Mediação, processo estrutural e políticas públicas

Autores

  • Andreia Mara de Oliveira

    é advogada mestre em Direito pela Unesp-Franca ex-conselheira do Núcleo Docente Estruturante da FESL ex-professora de Direito na FESL Unip e Fafram ex-conferencista na Unesp participante do Summer Program in North American Law in University of Florida — Fredric G. Levin College of Law (EUA) do Postgrado em Derecho Politica y Criminologia na Universidad de Salamanca (Espanha) do Conselho Administrativo de Defesa Econômica do Ministério da Justiça (PI-Cade) e da Gestão do Meio Ambiente da Fundação Getúlio Vargas (FGV).

  • Ivan Carneiro Castanheiro

    é promotor de Justiça do MP-SP mestre em Direito pela PUC-SP membro do Ministério Público Democrático (MPD) professor convidado da Escola Superior do Ministério Público (ESMP-SP) professor da Unip (Campus Limeira/SP e Nacional EAD) consultor do Projeto "Conexão Água" do Ministério Público Federal (MPF) coordenador do 17º Núcleo Regional (Piracicaba) da Escola Superior do Ministério Público membro do Comitê Temático do Meio Ambiente (Grupo de Trabalho de Enfrentamento à pandemia do COVID — MP-SP — PGJ) e vice-diretor da Associação Brasileira dos membros do Ministério Público (Abrampa) — Região Sudeste. Autor dos seguintes capítulos de livro: "Direito Urbanístico e Direito à Moradia" e "Regularização fundiária: fundamentos aspectos práticos e propostas".

2 de novembro de 2020, 8h01

O Código de Processo Civil de 2015 prevê expressamente o dever dos operadores do Direito de estimular os métodos alternativos de resolução de conflitos, antes ou durante o processo judicial, sendo os mais conhecidos: conciliação, negociação, mediação e arbitragem. A mediação envolve um terceiro, imparcial, neutro e com capacitação técnica, que facilitará o diálogo entre as partes para que estas construam a melhor solução para todos [1].

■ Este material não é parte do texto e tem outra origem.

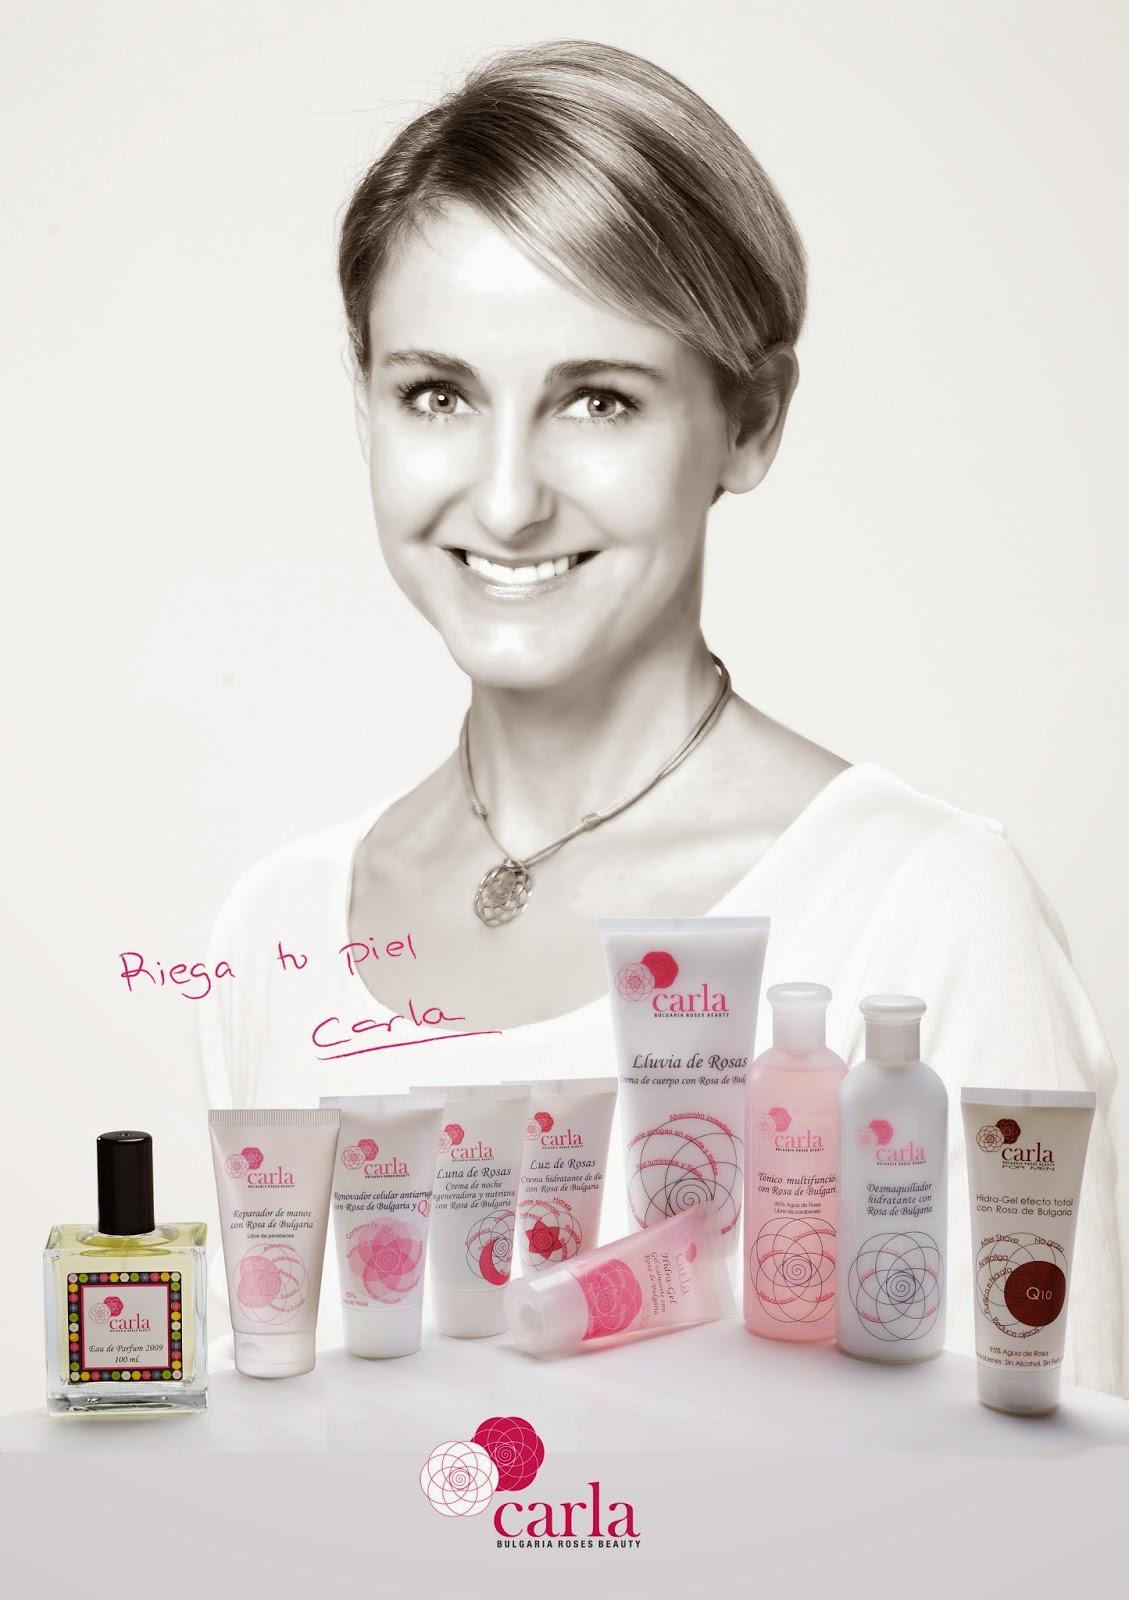 línea cosmética carla de bulgaria roses beauty

Na aplicação dos métodos de soluções adequadas de conflitos pode-se utilizar o modelo avaliativo, que tem foco no resultado sem mudanças, há sugestões de resultado pelo conciliador com vistas ao acordo. O modelo facilitativo tem foco nas mudanças de primeira ordem (acomodação, adaptativas, contensoras e/ou organizativas, mas a estrutura do sistema permanece inalterada), não havendo sugestões pelo facilitador, mas se visa o acordo e a participação efetiva com propostas da partes, podendo-se guiar pelas bases de negociação do modelo de Harvard.

Há ainda outros modelos: o circular-narrativo de Sara Cobb e o transformativo de Bush & Folger. O circular-narrativo trabalha no nível da comunicação narrativa. O conflito é expresso durante a narrativa, ele é o desencontro das narrativas. Objetiva-se encontrar um lugar comum em que as narrativas distintas possam conviver. Já o modelo transformativo busca modificação na relação das partes, mudanças de primeira e segunda ordens (estas são as transformadoras de padrões de conduta no âmbito individual e relacional), o acordo pode acontecer ou não. Objetiva-se explicitar o conflito e transformar a relação. O mediador pondera, mas deixa que a relação se expresse/manifeste durante a gestão do conflito. Os envolvidos trazem o que desejam do conflito, há espaço de conversa. Utilizam-se técnicas de espelhamento para as pessoas entenderem os posicionamentos.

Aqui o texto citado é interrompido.